_Assignment_:
Only some lines are wanted: please transcribe exactly those from the one containing "watch multifunction man" through the end of the data, pictures excluded.

━━━━━ Information provided

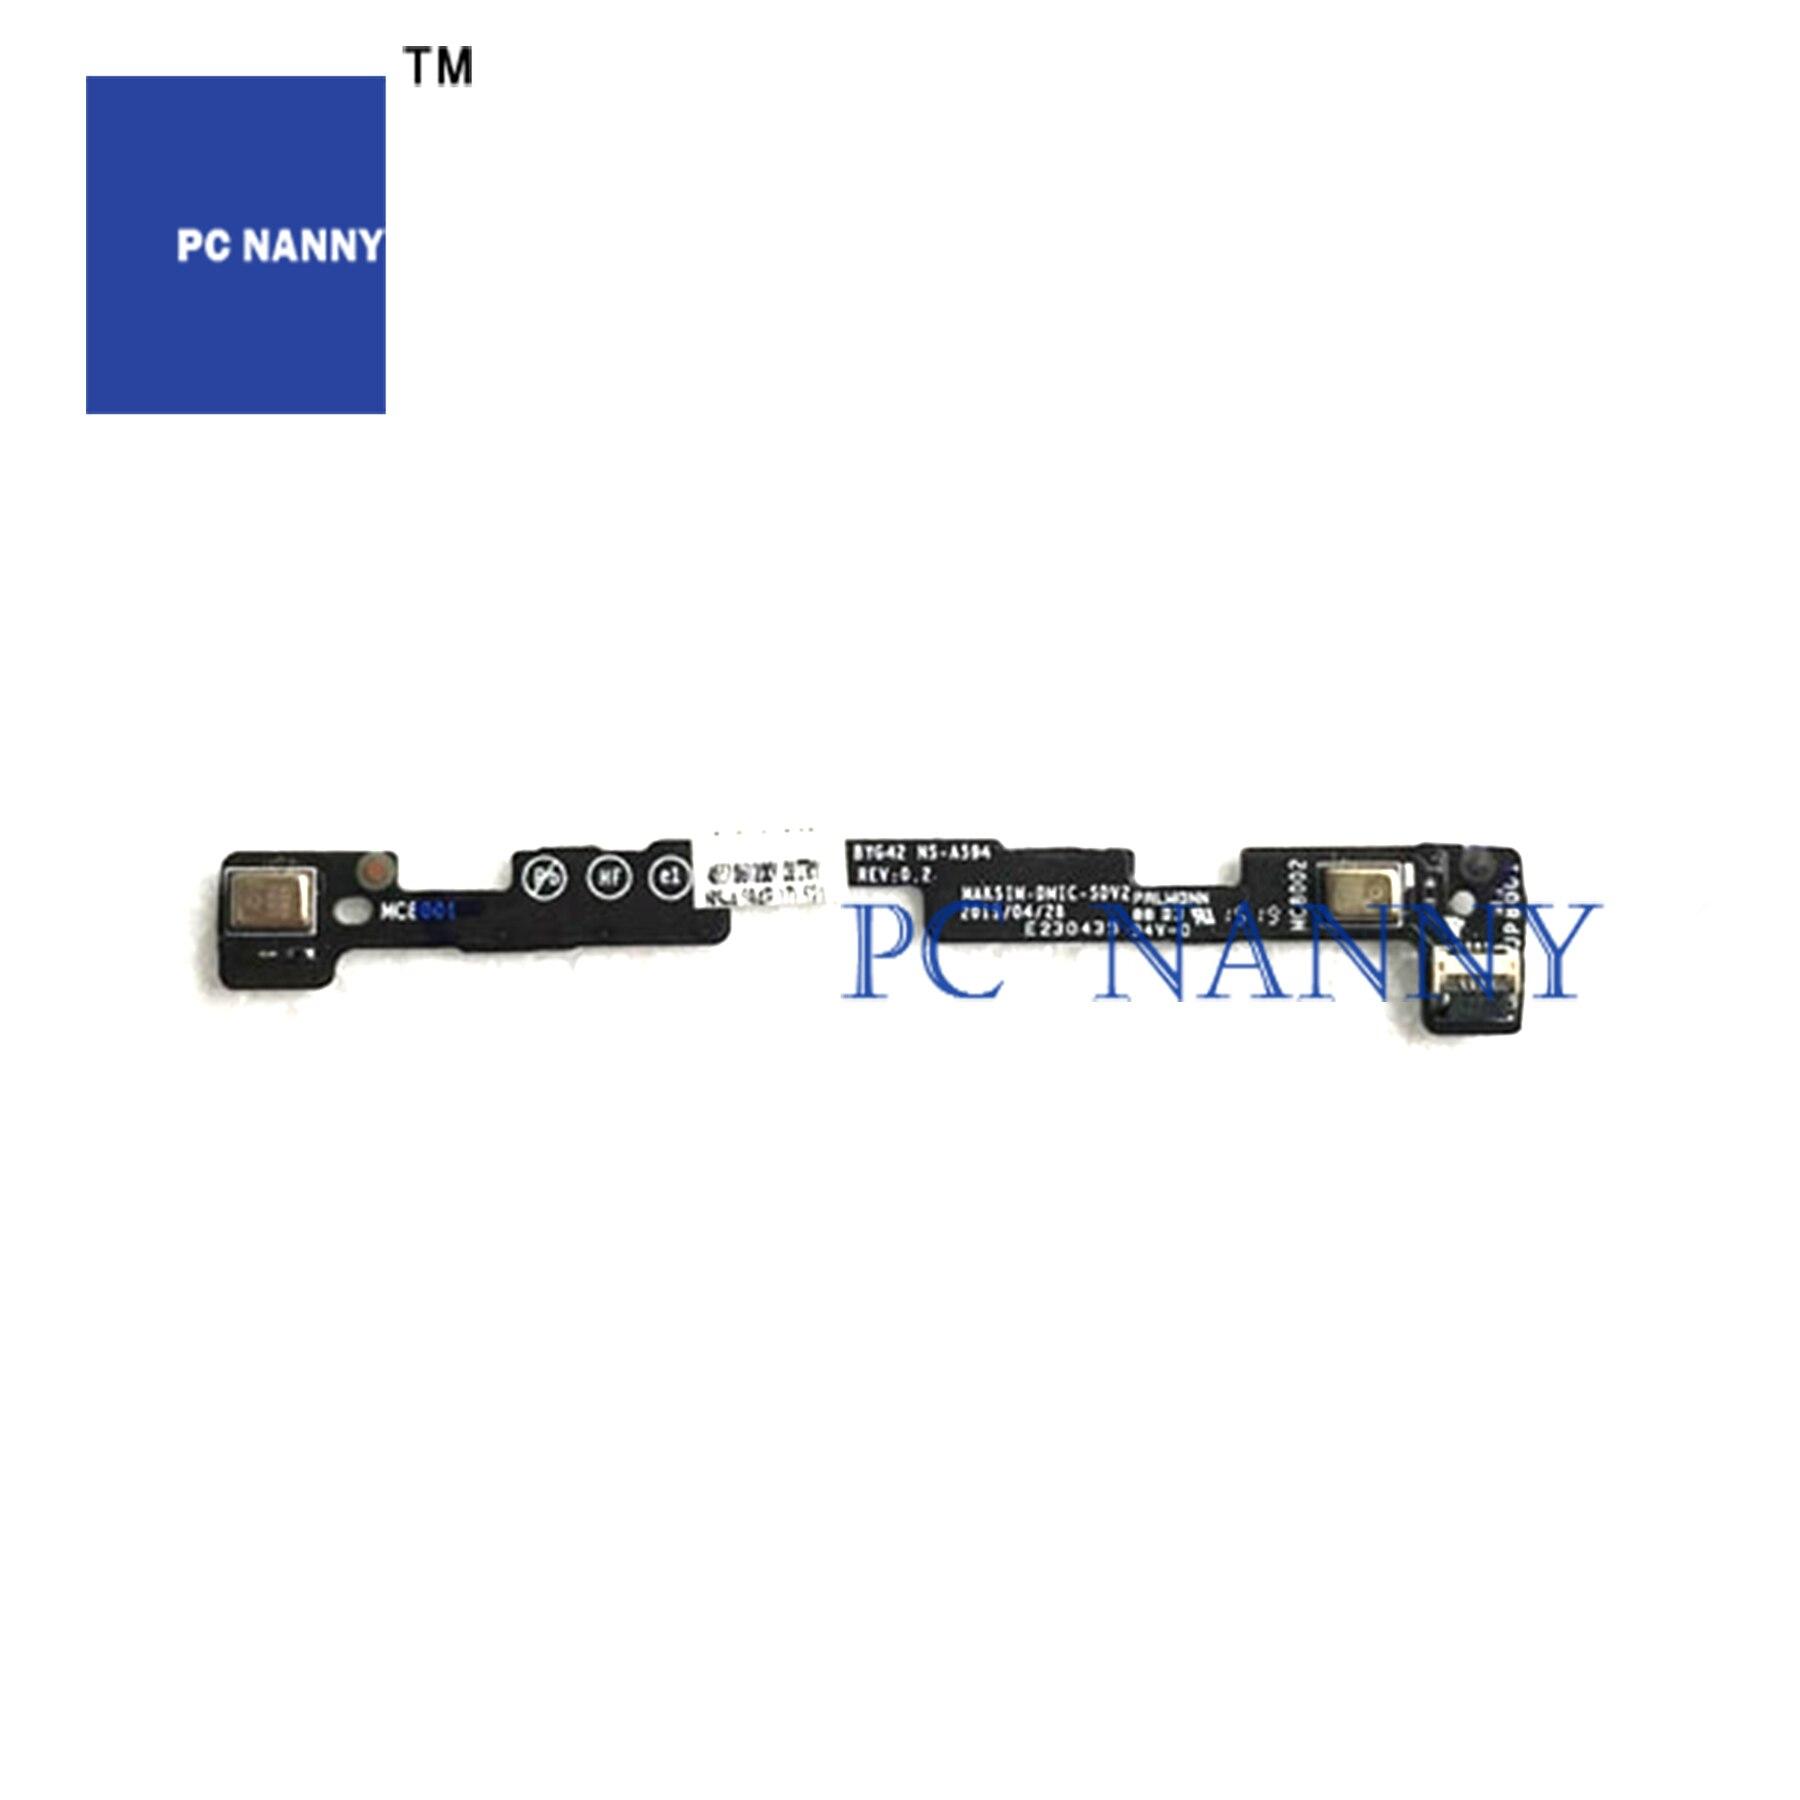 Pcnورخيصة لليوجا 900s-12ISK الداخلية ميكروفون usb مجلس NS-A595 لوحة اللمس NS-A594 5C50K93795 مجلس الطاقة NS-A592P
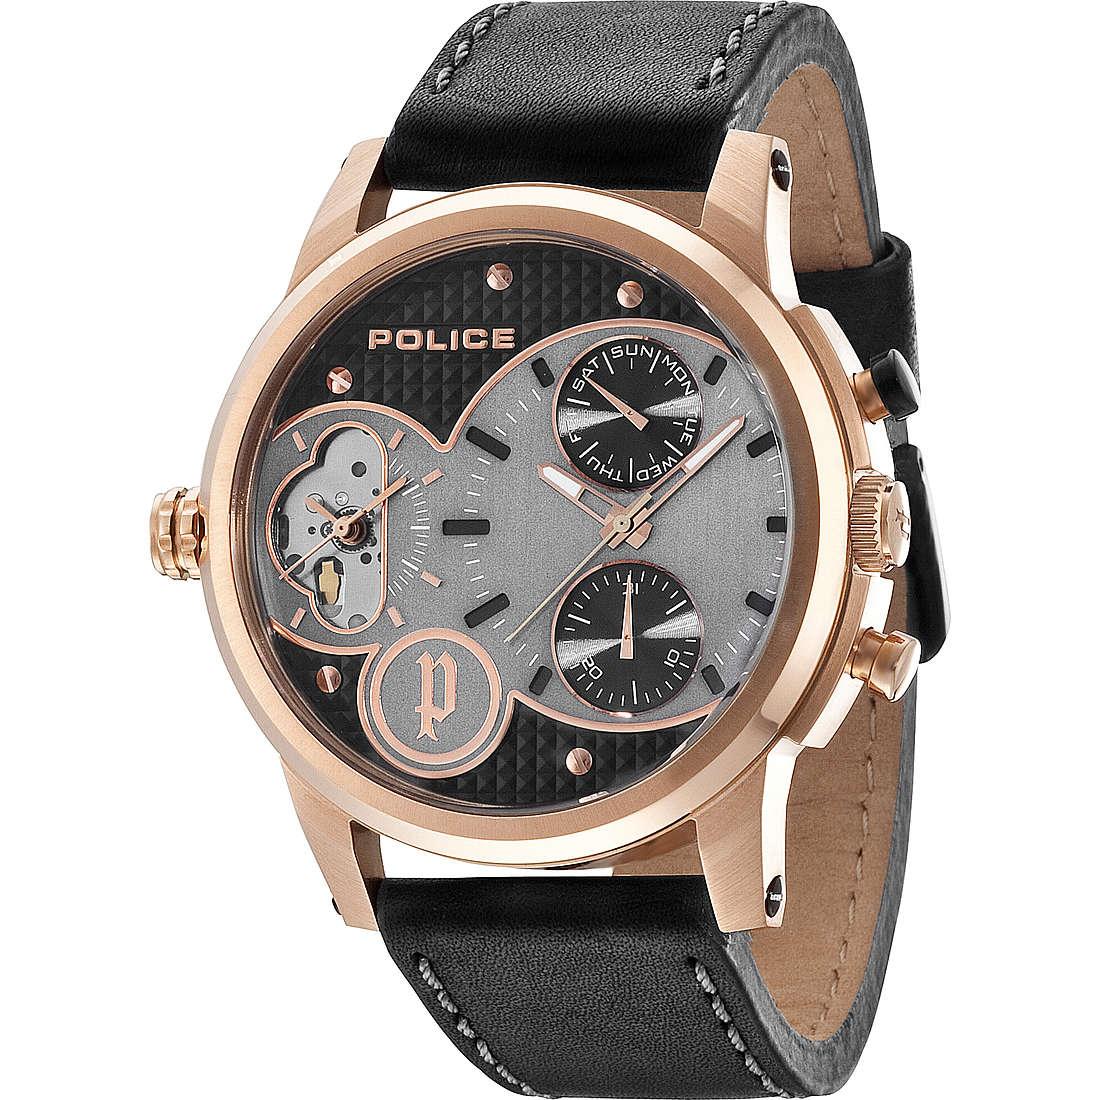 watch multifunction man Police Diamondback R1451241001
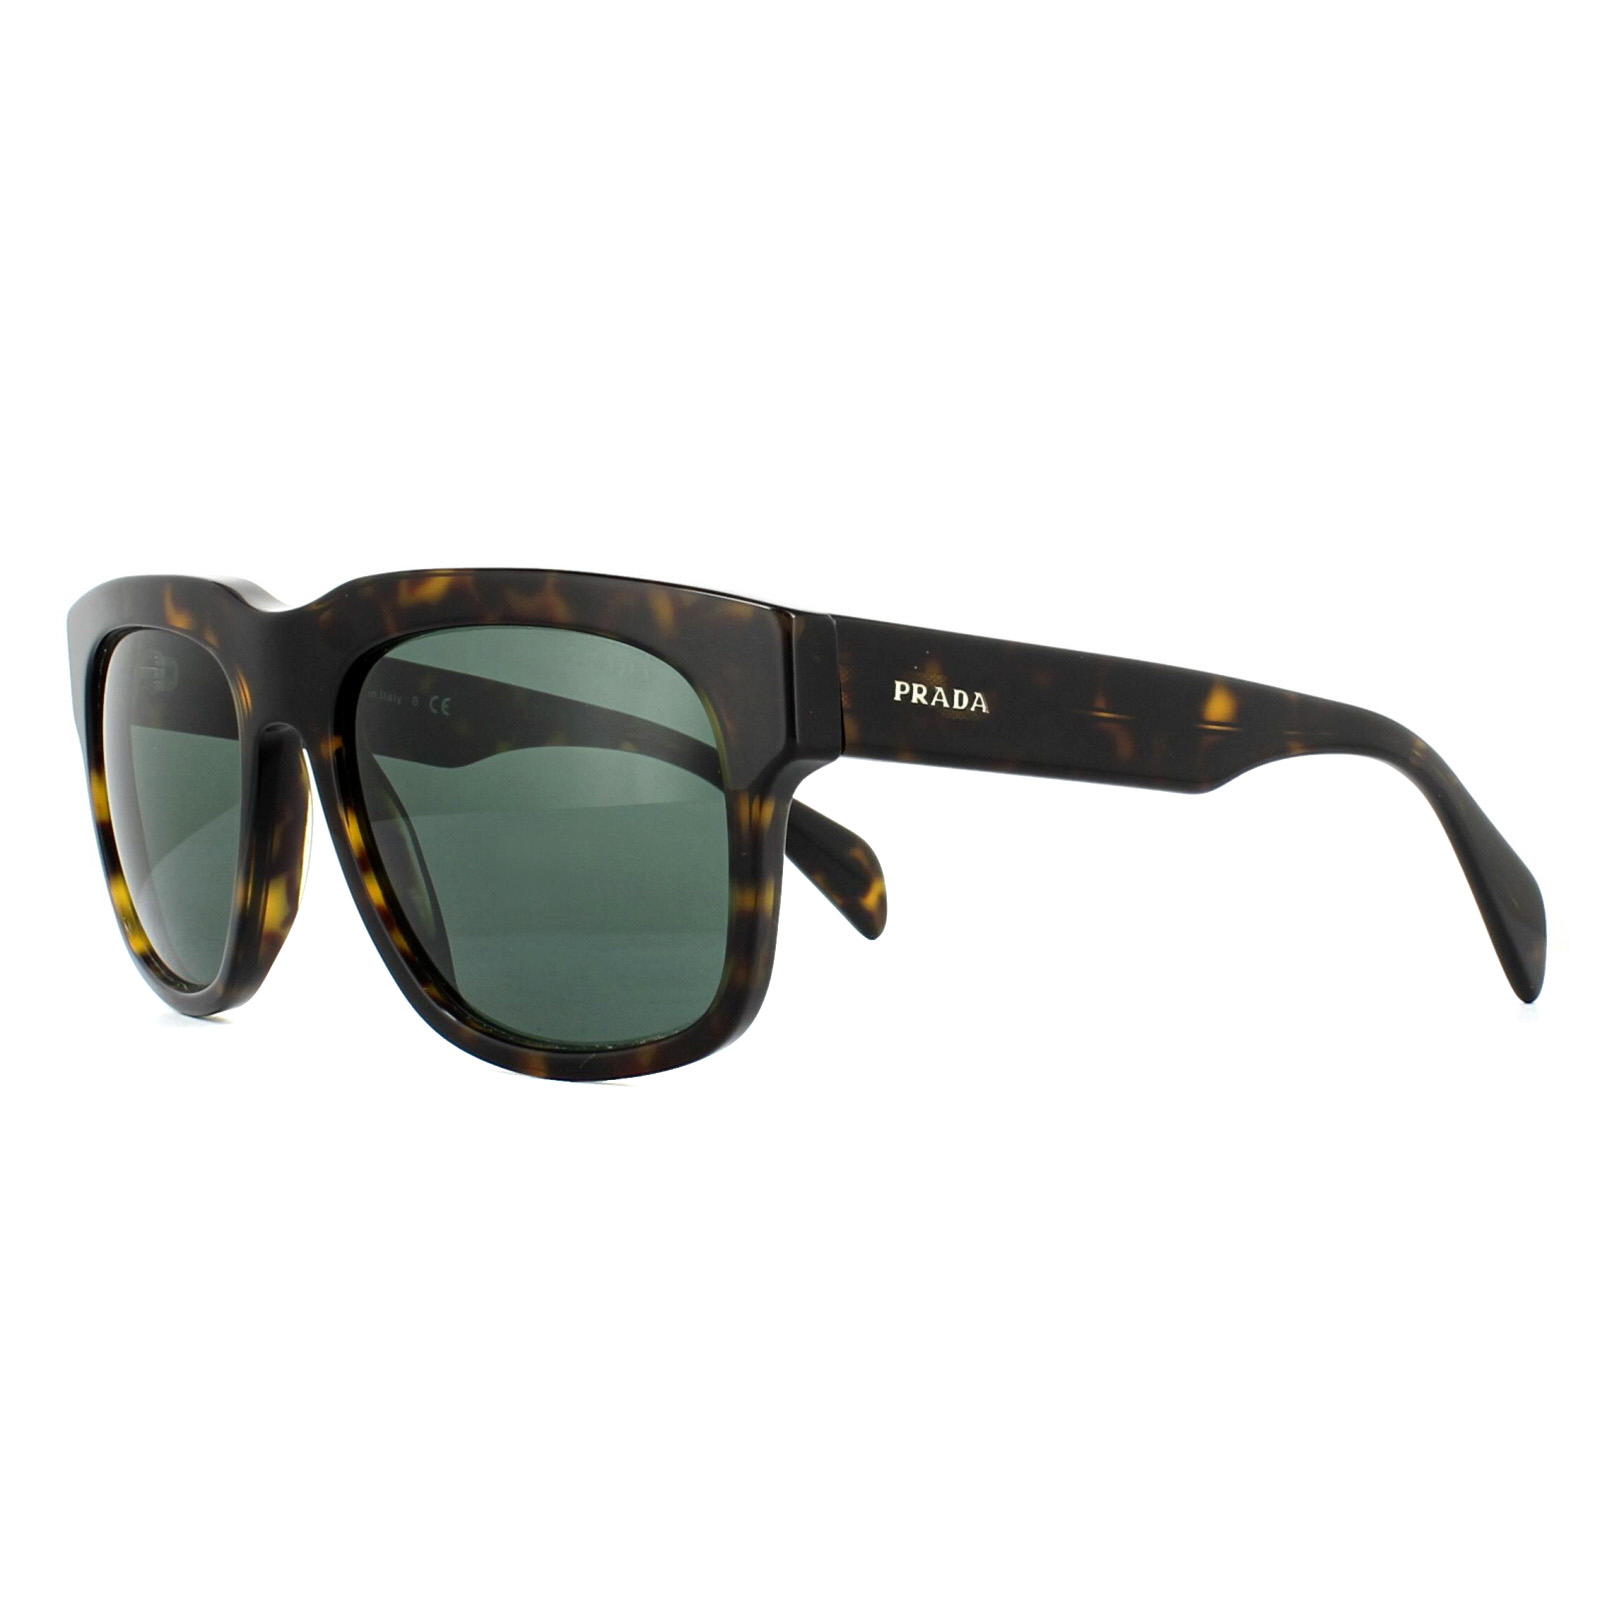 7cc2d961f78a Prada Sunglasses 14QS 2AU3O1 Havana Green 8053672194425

━━━━━━━━━━

_Exercise solution_:
 watch multifunction man Police Diamondback R1451241001
 7cc2d961f78a Prada Sunglasses 14QS 2AU3O1 Havana Green 8053672194425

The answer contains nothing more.